I am trying to understand
examples/text.ipynb. It creates a DataBunch with its own vocab and itos. And then, when I want to use WT103 pretrained model (which has its own vocab and itos), it needs to convert the weights. I got that, but only that. I don’t understand what the code is doing.
def convert_weights(wgts:Weights, stoi_wgts:Dict[str,int], itos_new:Collection[str]) -> Weights:
"Convert the model weights to go with a new vocabulary."
dec_bias, enc_wgts = wgts['1.decoder.bias'], wgts['0.encoder.weight']
bias_m, wgts_m = dec_bias.mean(0), enc_wgts.mean(0)
new_w = enc_wgts.new_zeros((len(itos_new),enc_wgts.size(1))).zero_()
new_b = dec_bias.new_zeros((len(itos_new),)).zero_()
for i,w in enumerate(itos_new):
r = stoi_wgts[w] if w in stoi_wgts else -1
new_w[i] = enc_wgts[r] if r>=0 else wgts_m
new_b[i] = dec_bias[r] if r>=0 else bias_m
wgts['0.encoder.weight'] = new_w
wgts['0.encoder_dp.emb.weight'] = new_w.clone()
wgts['1.decoder.weight'] = new_w.clone()
wgts['1.decoder.bias'] = new_b
how does it
translates from one vocab to the other?
Using version release-1.0.15
It doesn’t translate anything.

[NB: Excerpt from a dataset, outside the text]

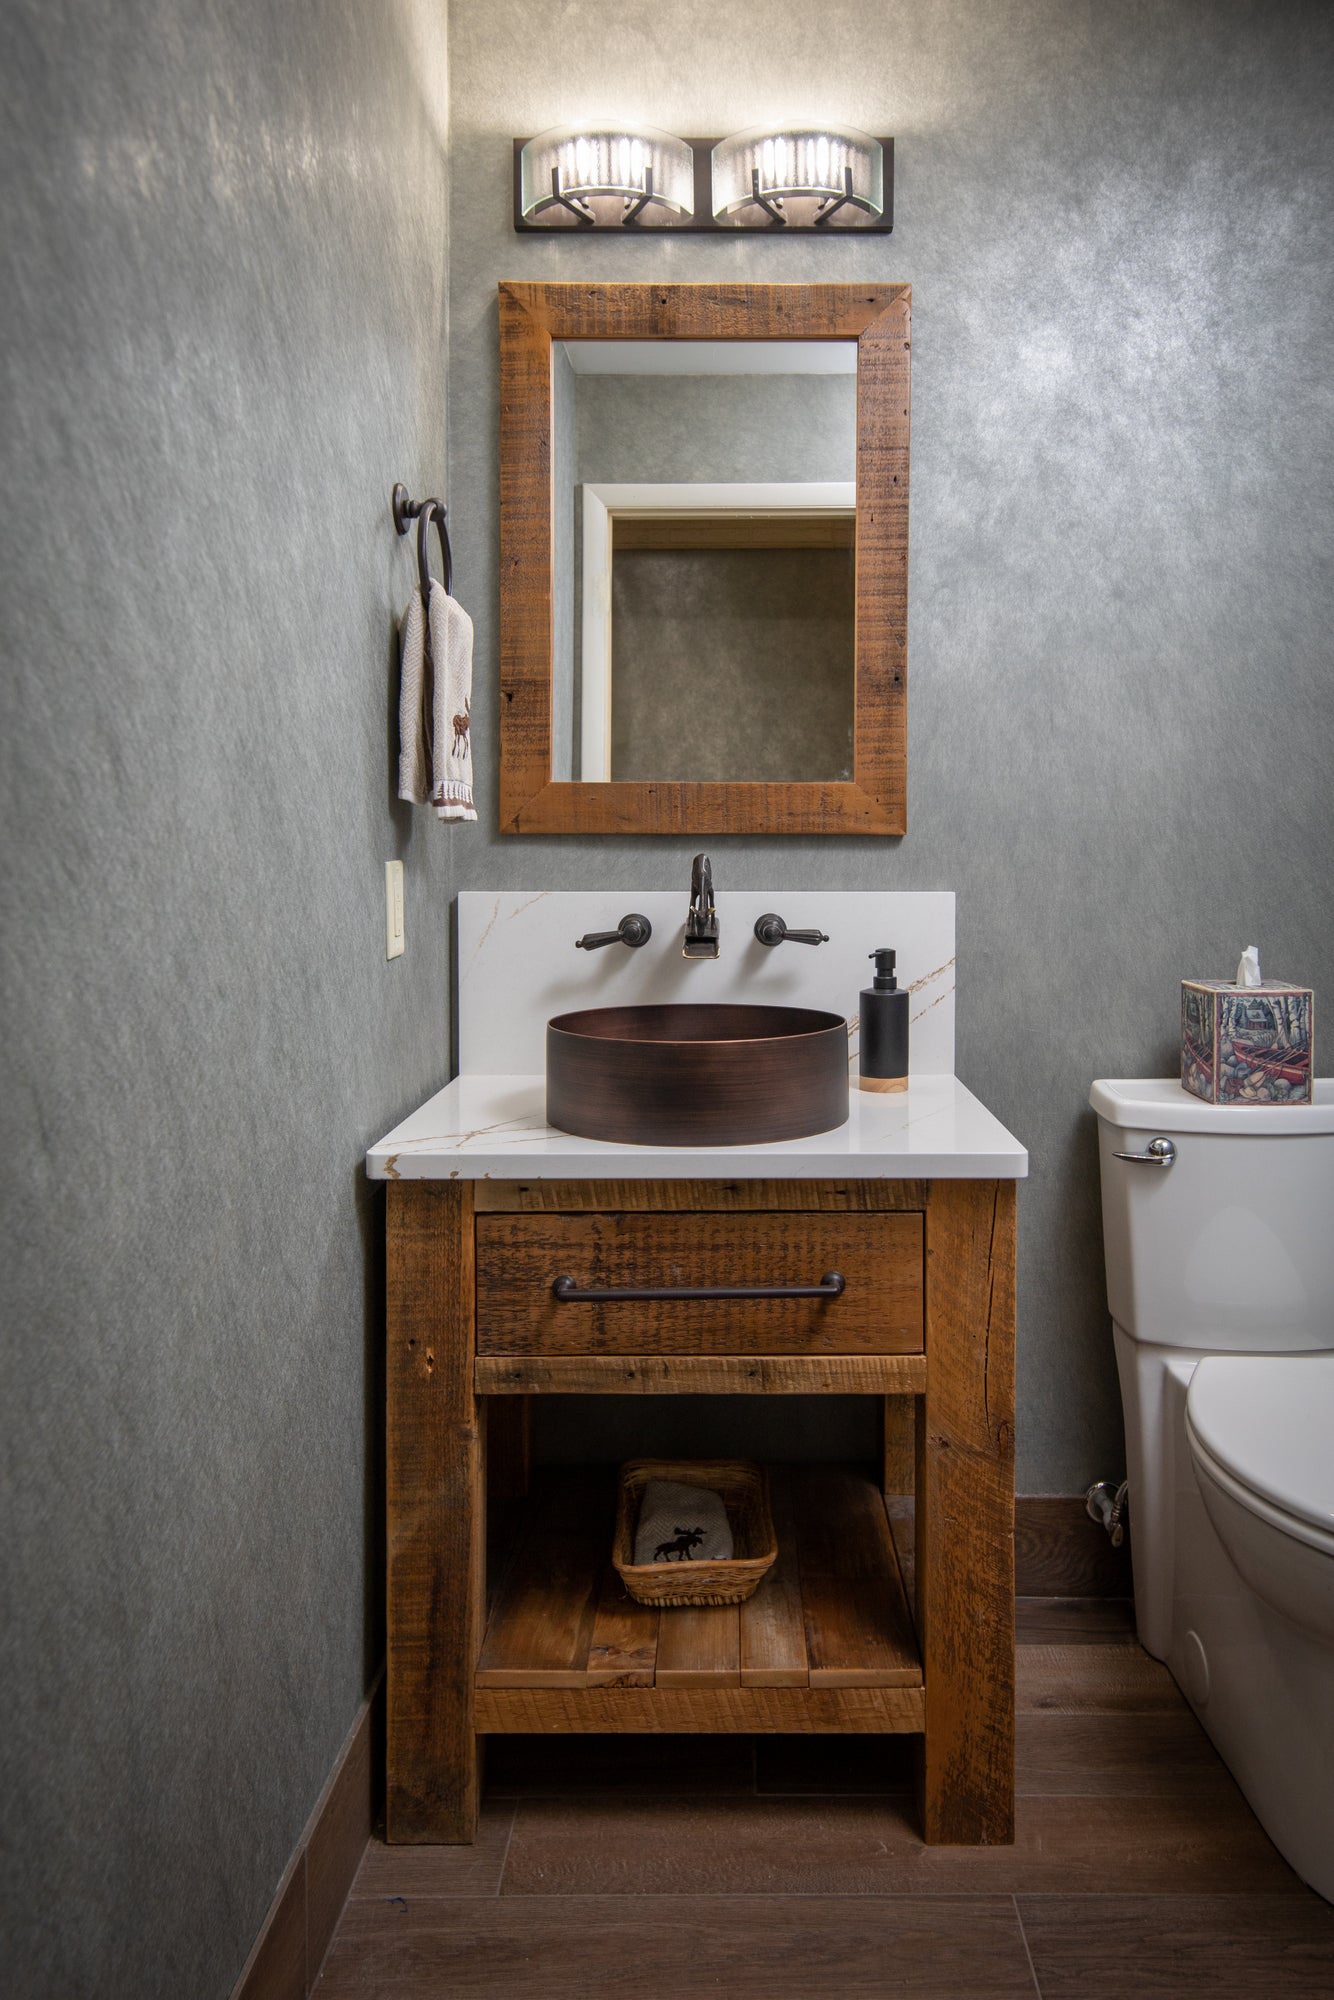 15" Round Stainless Steel Bathroom Vessel Sink with Drain in Bronze

What it does instead is look up in the embedding matrix in the pretrained model and put the line for one word there at the place where this word is in the new vocabulary. It’s exactly like what was done in old fastai in the imdb notebook.
I also tried understanding the way it works and it was confusing for me.
Could you tell me if my understanding is correct?
When you say:
What it does instead is look up in the embedding matrix in the pretrained model and put the line for one word there at the place where this word is in the new vocabulary.
What I understand is that I will reuse the weights of the old embedding matrix for the words that are contained in the new vocabulary and that it will initialize new values for the words in the new vocabulary that are not contained in the old one.
For instance, if my previous vocabulary was [‘hi’, ‘apple’] and the new vocabulary is [‘hi’, ‘orange’].Then it will reuse the weights of the word ‘hi’ but create a new not trained embedding vector for the word ‘orange’.
Therefore, if I want to be able to leverage the old vocabulary, I would have to use a set of words that is more closely related to the vocabulary
Thank you very much for the answer.
Yup, it’s just that if you new vocabulary is [‘orange’, ‘hi’], it will place the weights for ‘hi’ in the correct position. As for ‘orange’, it will initialize it with the mean of all the weights.
Will the weights of the word tokens in the old vocab be dropped if they do not appear in the new vocab? Wondering if this would result in the model “forgetting” its previous learnings.
The weights of the embedding of the final network will only contains weights for the words inside its vocab, so the weights will be dropped. If they were not, they would not be trained in the finetuning / classification training since they won’t appear in the training dataset.
However, one could argue that keeping the weights from words that don’t appear in the training dataset(distinct from the pretraining dataset) might lead to better performance than using the unkown tokens and its embedding for those words.
Yes, I was thinking along the same lines too that those pre-trained weights would still be useful, even if their associated word tokens were not present in the training dataset used to fine-tune the language model / train the classifier. They should not be dropped!
E.g. Suppose the pre-trained vocab had the embedding / weight of the word “speed”. In the training dataset, there is a sentence “How fast does light travel?”, and the word “speed” is also not inside. Instead of dropping the weight of “speed”, it would be useful to keep it, in case there is an input query like “What is the speed of light?” during model deployment. Assuming that the weights / vectors for “fast” and “speed” are closer to each other (by cosine similarity) compared to say “fast” and “donut” (also not in the training dataset), the model would be able to predict “What is the speed of light?” as belonging to the same class as “How fast does light travel?” (which was present in the training dataset) with higher probability as compared to “What is the donut of light?”.
Would be happy to hear others’ experiences / thoughts / opinions on this.